O cheiro de tiros pairava no ar. E quanto mais perto ela chegava do
armazém, mais certa estava de que cheirava a sangue.
Sangue humano, não Raça.
No entanto, isso não fez nada para o alarme que crescia dentro de
seu peito.
Ela acelerou para o caminhão, praticamente pulando da
motocicleta quando chegou lá. Cruz ainda estava na parte traseira do
veículo com Fish. Ele abaixou a porta e fechou a fechadura com força
enquanto Devony corria até eles.
— Que porra você está fazendo aqui?
— Diga-me o que aconteceu — disse ela, com o pânico subindo pela
garganta. — Onde está Rafe? Ele está aqui com você?
Cruz não respondeu. Ele apontou o queixo com o cavanhaque para
Fish. — Entre na cabine. Agora!
Fish hesitou apenas por um segundo, seu rosto incerto quando
olhou para Devony. Então correu como ordenado.
Num grunhido, Devony pegou a camisa do líder da gangue. Ela não
tinha paciência para fingir que não estava preparada para lhe causar
sérios danos. — Maldito seja você, Cruz. Diga-me o que diabos está
acontecendo...
Ele a empurrou com força, saindo de seu alcance. Quando ela
cambaleou para trás, ele correu para o outro lado da cabine aberta. —
Ocho! Vamos lá!
O caminhão avançou com um guincho de pneus patinando e
borracha fumegante.
A visão de Devony inundou de fogo. Cada partícula de seu ser que
era do outro mundo, ferozmente Raça, explodiu para a vida dentro dela.
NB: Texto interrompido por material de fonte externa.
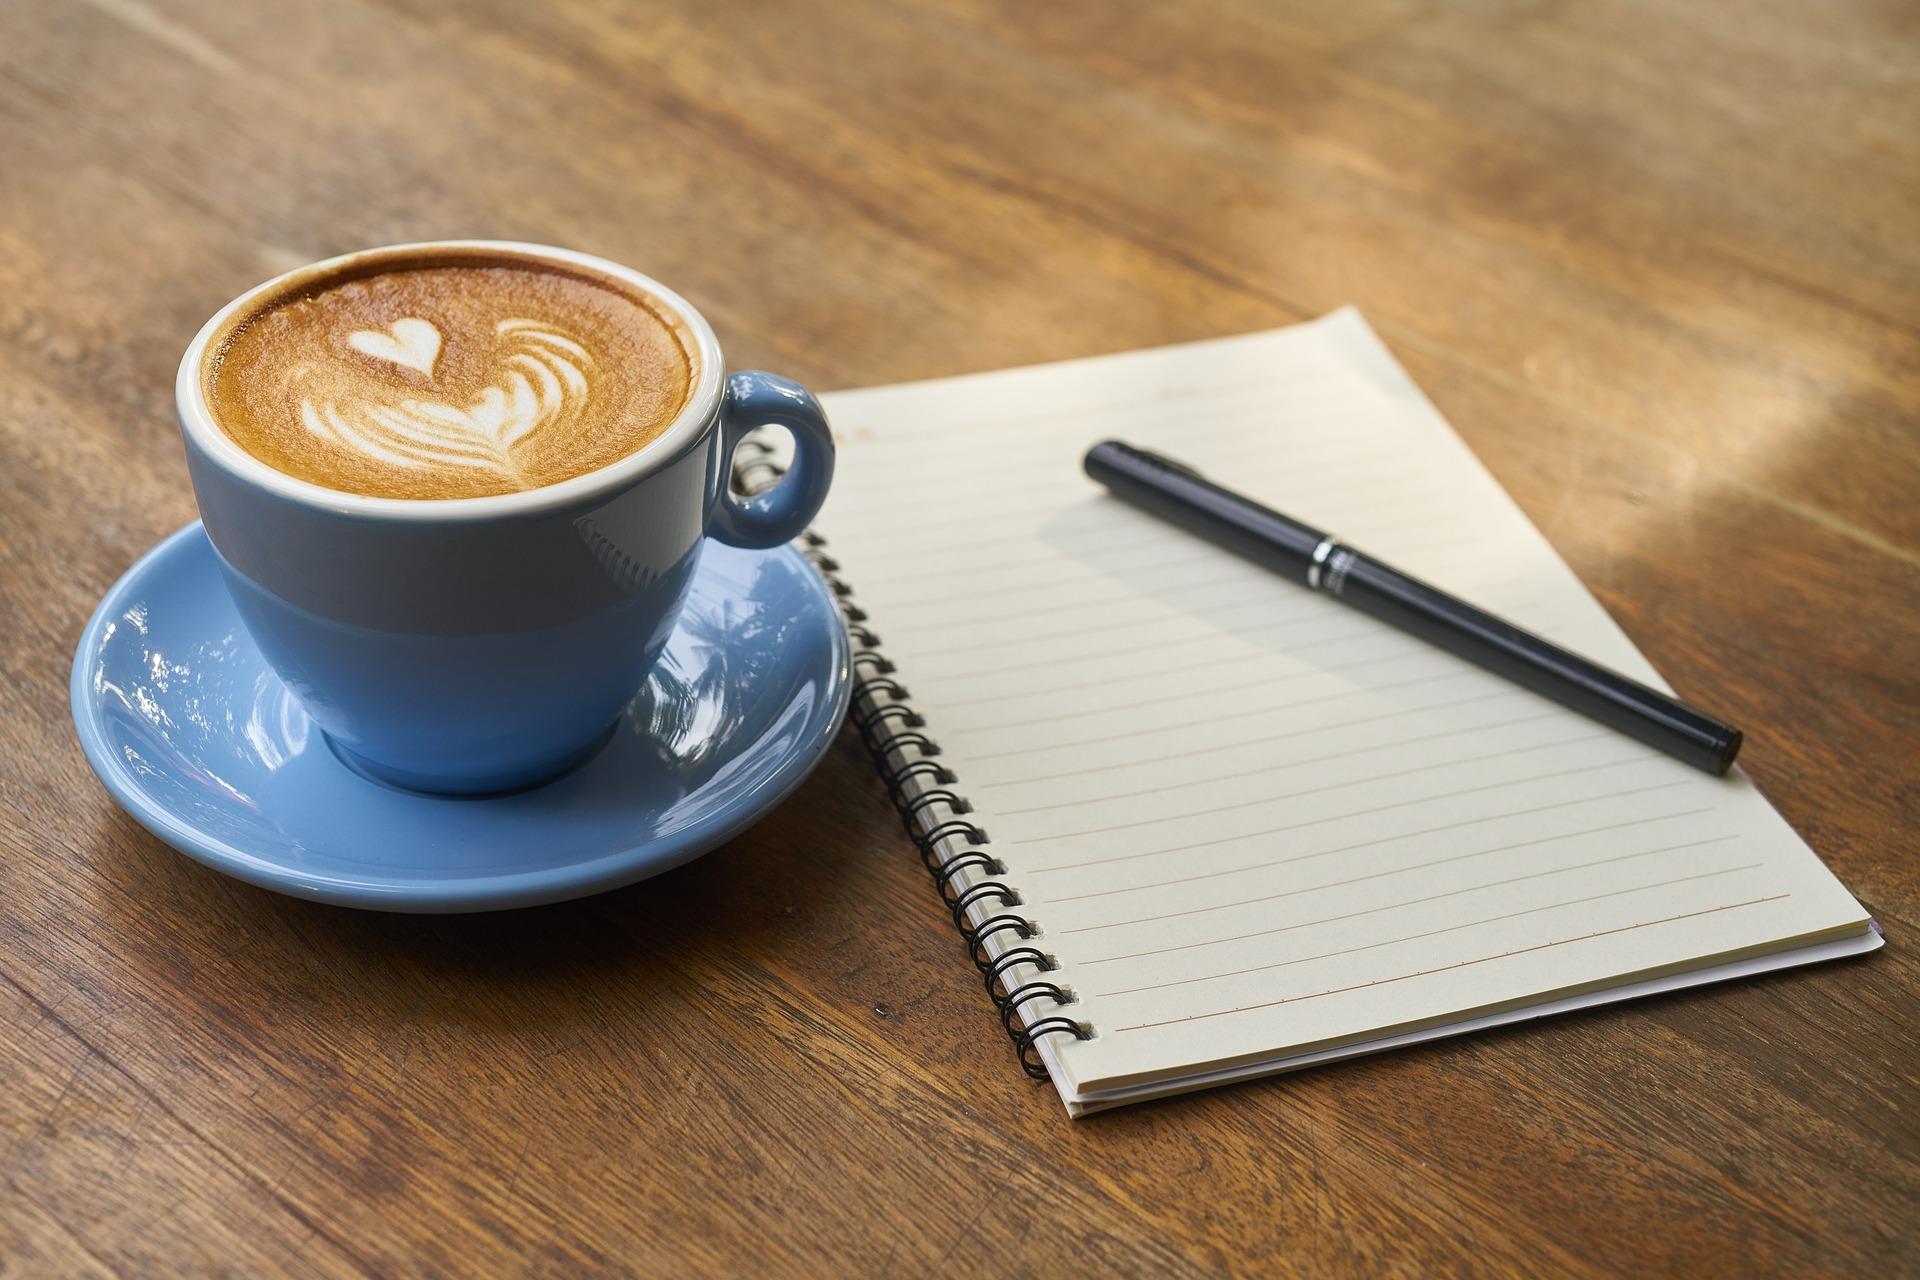 フリーランス必見!5つの条件から選ぶ仕事に最適なカフェとは?

Ela deu um salto, aterrissando como um gato no teto do caminhão
em alta velocidade.
Outro salto e uma torção no ar levaram suas botas para o capô do
veículo, encarando as expressões atordoadas de Ocho e Cruz do outro
lado do para-brisa.
Ela quebrou o vidro com o seu punho e agarrou Cruz pela garganta.
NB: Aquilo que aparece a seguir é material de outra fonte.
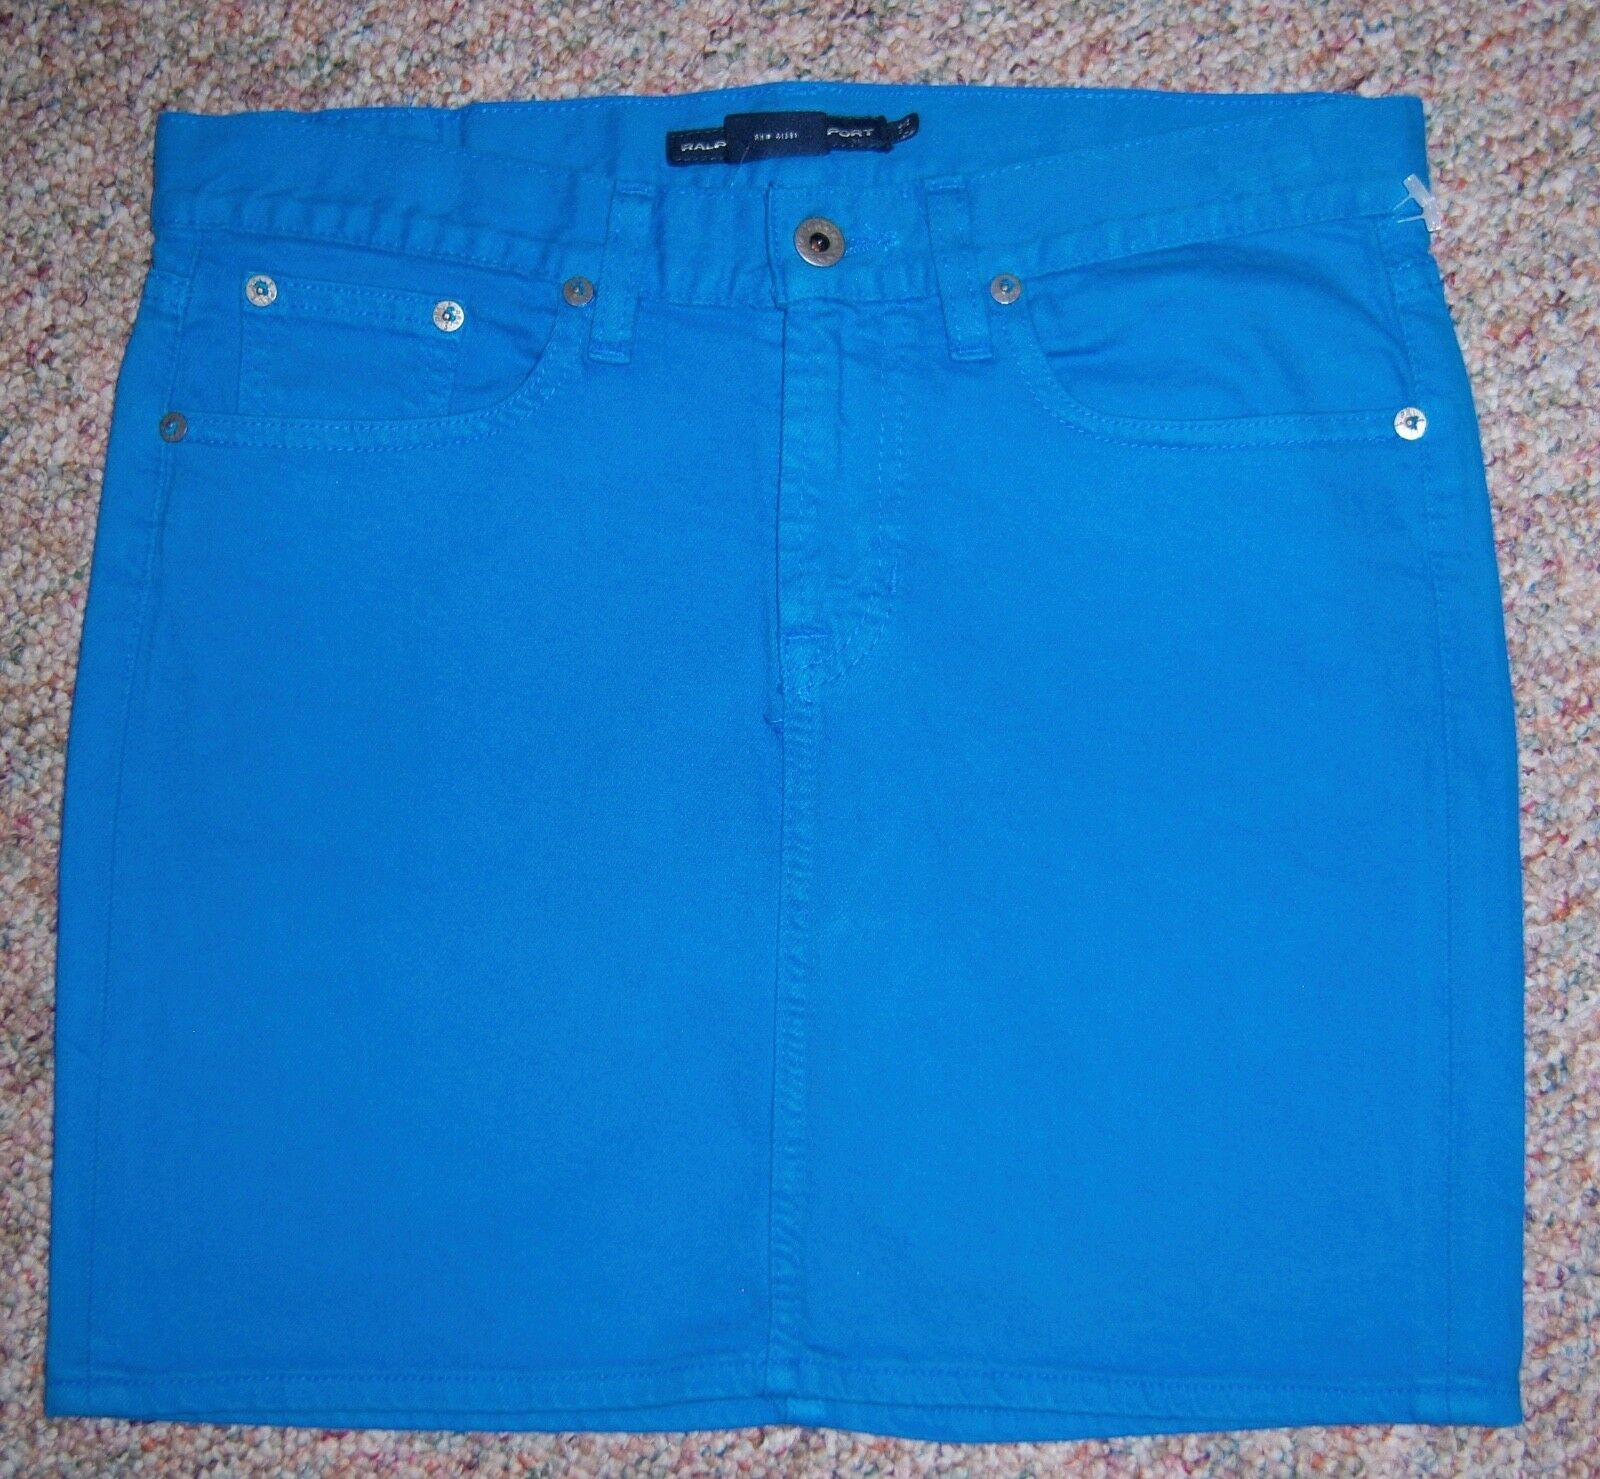 RALPH LAUREN Turquoise Denim Short Above Knee Straight Jean Skirt Size 28 or 6

— Onde. Porra. Está. Rafe?
Cruz cuspiu e se engasgou, agarrando os dedos dela. — Foda-se
vadia!
— Puta merda! — Os olhos de Ocho quase saltaram do crânio atrás
do volante. — Ela é uma maldita Raça!
O caminhão balançou, mas Devony permaneceu nele. Enquanto
segurava Cruz em seu aperto punitivo, notou algo estranho nas roupas
dele. Tinta azul brilhante e estranhamente iluminada salpicava a frente
de sua camisa e jeans. Ele também tinha um pouco em suas mãos.
Não, não tinta.
Que porra era essa?
Em meio ao tumulto e ao caos na frente, Fish saiu da traseira do
caminhão e foi para a frente. — Ele está no armazém, Brinks. — Ele
engoliu em seco, deu uma sacudida de cabeça. — O UV líquido das
caixas...
Ah. Merda.
Ah. Não.
Devony gritou sua fúria. Não queria nada além de desencadear o
inferno em Cruz, mas a preocupação por Rafe anulou todo o resto.
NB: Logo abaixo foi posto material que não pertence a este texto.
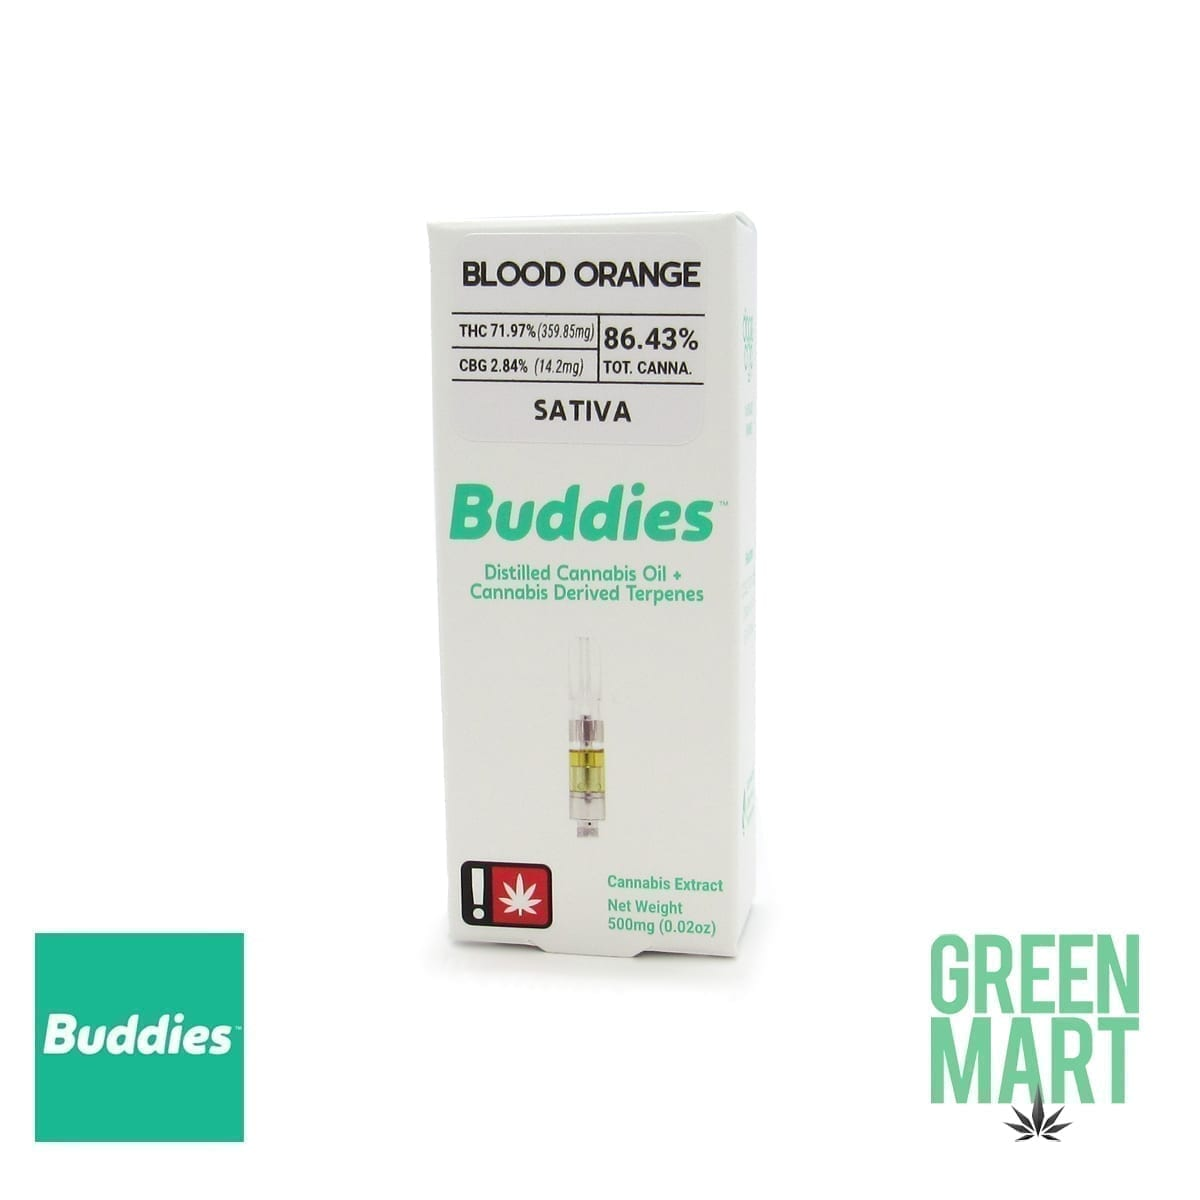 Buddies Brand Distillate Cartridge - Blood Orange

Ela saltou do veículo. O caminhão se afastou enquanto ela
praticamente voava até o armazém.
Um guarda de segurança inconsciente estava deitado numa
depressão dentro da entrada. Mais dois em transe nas proximidades.
Todos começando a despertar. O que significava que a influência de Rafe
em suas mentes estava começando a se esvair.
— Rafe!
Devony correu mais para dentro, seus sentidos se encheram com
o cheiro do sangue derramado. Tanto sangue. Morte também. O corpo de
Axel não estava longe do cadáver crivado de balas de outro guarda.
E então Rafe.
Contorcendo-se no chão ao lado de um caixote quebrado que ainda
estava escorrendo líquido azul brilhante e luminescente de dentro dele.
Rafe estava numa piscina crescente do material. Todos os lugares onde o
material ultravioleta concentrado tocava sua pele estavam hediondos
com queimaduras. Até o bonito rosto dele.
— Oh, meu Deus. Rafe.
O som de sua voz pareceu despertá-lo. Ele levantou a cabeça, mas
suas pálpebras inchadas não abriram, ou não podiam. — Devony —
murmurou. — Que diabos está fazendo? Vai. Cruz e os outros...
— Eles se foram — disse ela, já agachada ao lado dele. — Eles foram
embora no caminhão.
— UV líquido.
— Eu sei. Fish me contou. — Suas botas deslizaram nas poças
parecidas com mercúrio enquanto lutava para tirar Rafe do material
derramado. — Precisamos tirar você daqui.
Ele gemeu em agonia enquanto ela o levantava, colocando o ombro
sob o braço dele para apoiá-lo. Não sabia onde ele conseguiu forças para
se mover em sua horrível condição, mas ele cambaleou para fora do
armazém com ela para a noite fria.
— Não podemos usar minha motocicleta. Você não será capaz de
montá-la.
— O carro dos guardas. — Rafe apontou para o sedan sem
identificação estacionado na lateral.
Devony ligou o motor com a mente enquanto corriam para o
veículo. Cuidadosamente ajudou Rafe a se sentar no banco do
passageiro, estremecendo com a dor agonizante que ele claramente
sofria.
— Estou bem — disse ele. — Apenas dirija, querida.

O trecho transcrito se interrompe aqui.